Markets Update: Contextualizing Q1 Volatility
At the end of last year, we outlined our 2026 outlook around two key factors we believed could influence market direction.
The first was the anticipated leadership transition at the Federal Reserve and how that could shape interest rates, inflation, and overall monetary policy. The second was the November midterm elections, where a potential shift in congressional leadership could create challenges in passing new legislation and increase reliance on executive actions.
With these possibilities in mind, we made proactive adjustments to portfolios earlier this year. The goal was not to predict exact outcomes, but to position thoughtfully ahead of potential change.
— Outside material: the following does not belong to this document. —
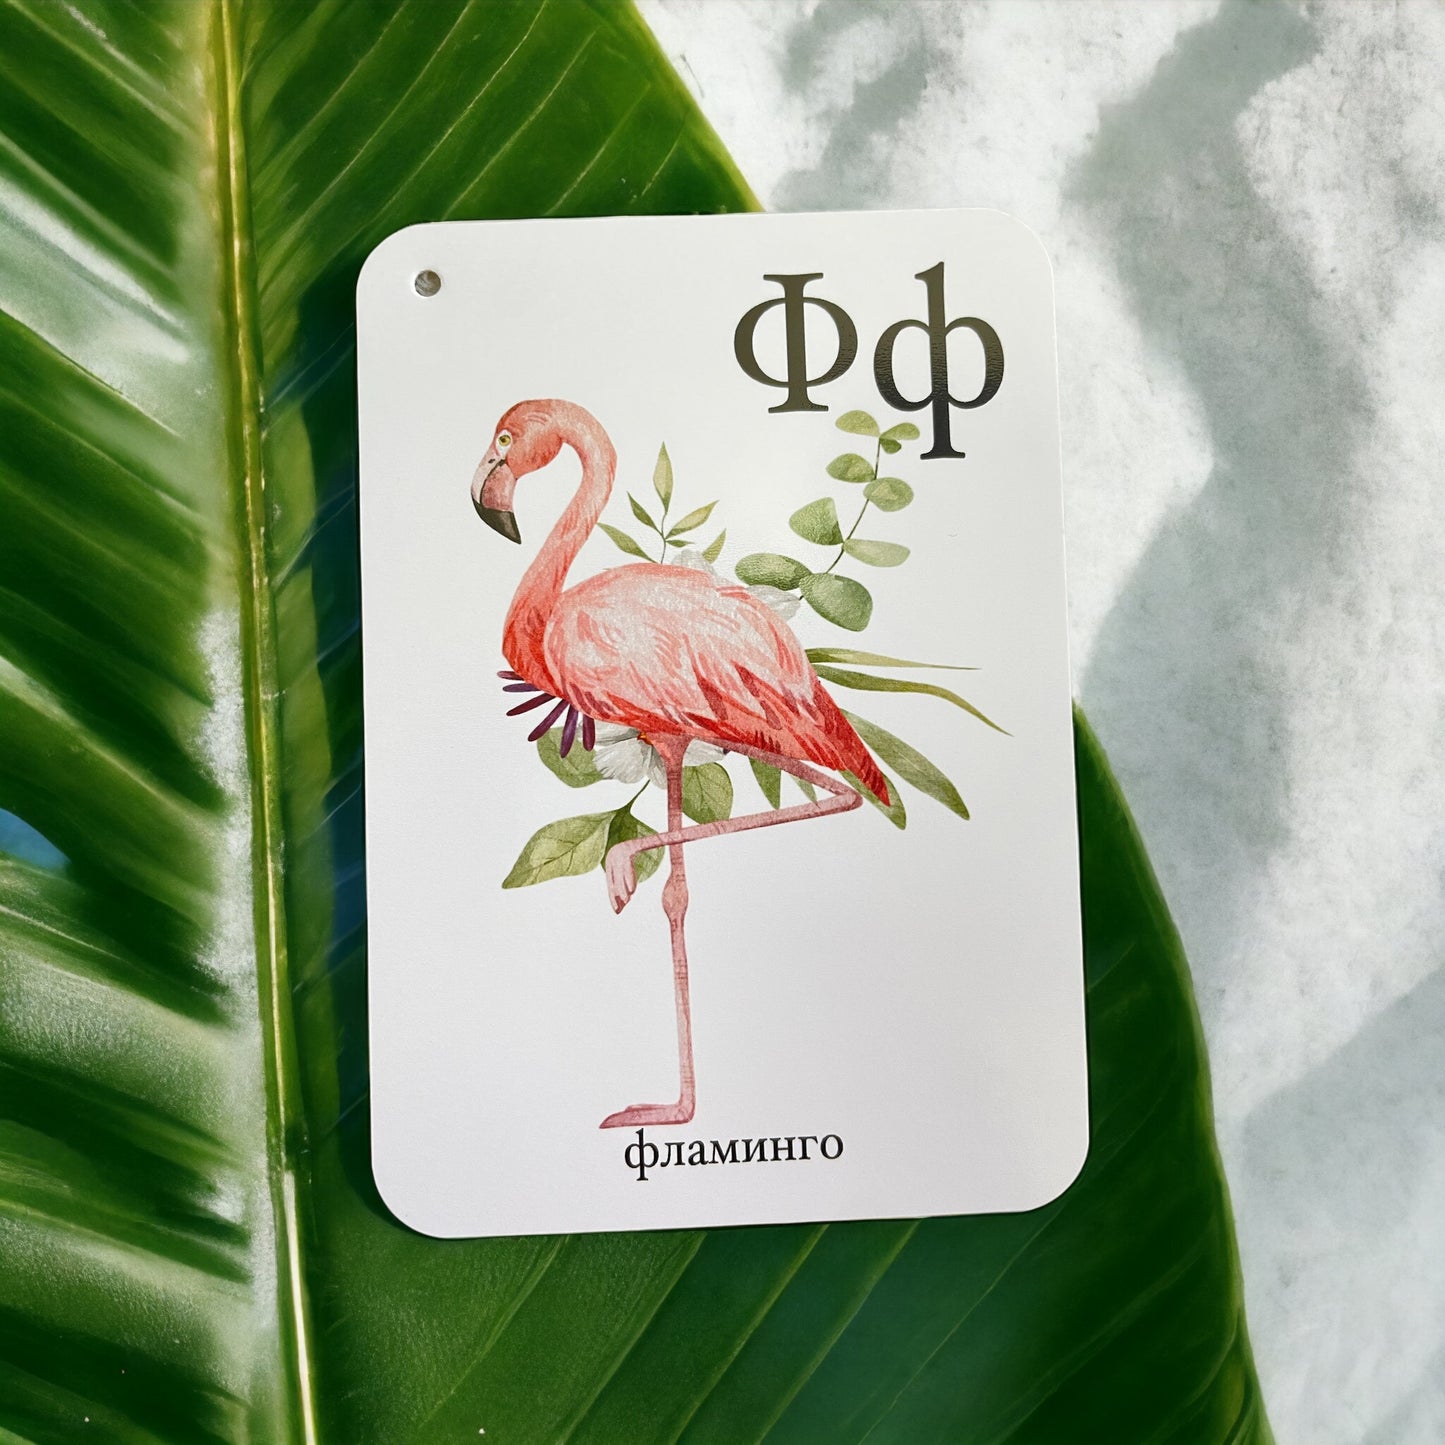 Russian Alphabet Flash Cards

A comparison of our initial market expectations versus the realities we are currently managing:
As the year has progressed, markets have experienced some volatility. While we expected the possibility of a correction, the specific catalyst tied to geopolitical tensions in the Strait of Hormuz was not something that could have been predicted. Events like these are a reminder that markets can react quickly to global developments.
At this stage, we view current conditions as a typical market correction rather than a prolonged downturn. This perspective is based on the fact that many underlying economic fundamentals have remained relatively stable. That said, markets are dynamic, and it is important to avoid drawing firm conclusions too early.
Our approach remains steady and measured. We continue to monitor developments closely while avoiding reactive decisions based on short-term headlines.
What We Are Watching
If geopolitical tensions persist, there are a few areas that could be impacted over time:
Energy prices may remain elevated
Inflation could experience renewed pressure
Consumer spending may begin to slow
Economic growth could moderate in the coming months
These are not certainties, but they are important factors to keep in view as the year unfolds.
How Portfolios Are Positioned
Earlier adjustments made in February were designed to create resilience across a range of potential scenarios. Areas such as:
Energy
Commodities
Technology
International exposure
have contributed positively in the current environment.
If conditions evolve further, we remain prepared to make additional adjustments where appropriate. Our focus is always on aligning portfolios with long-term objectives while navigating shorter-term uncertainty with discipline.
A Steady Path Forward
Periods like this can feel uncertain, but they are a natural part of investing. Rather than reacting to every shift, we believe in staying grounded in a process that balances preparation with patience.
We will continue to monitor developments, communicate clearly, and make thoughtful decisions as new information becomes available.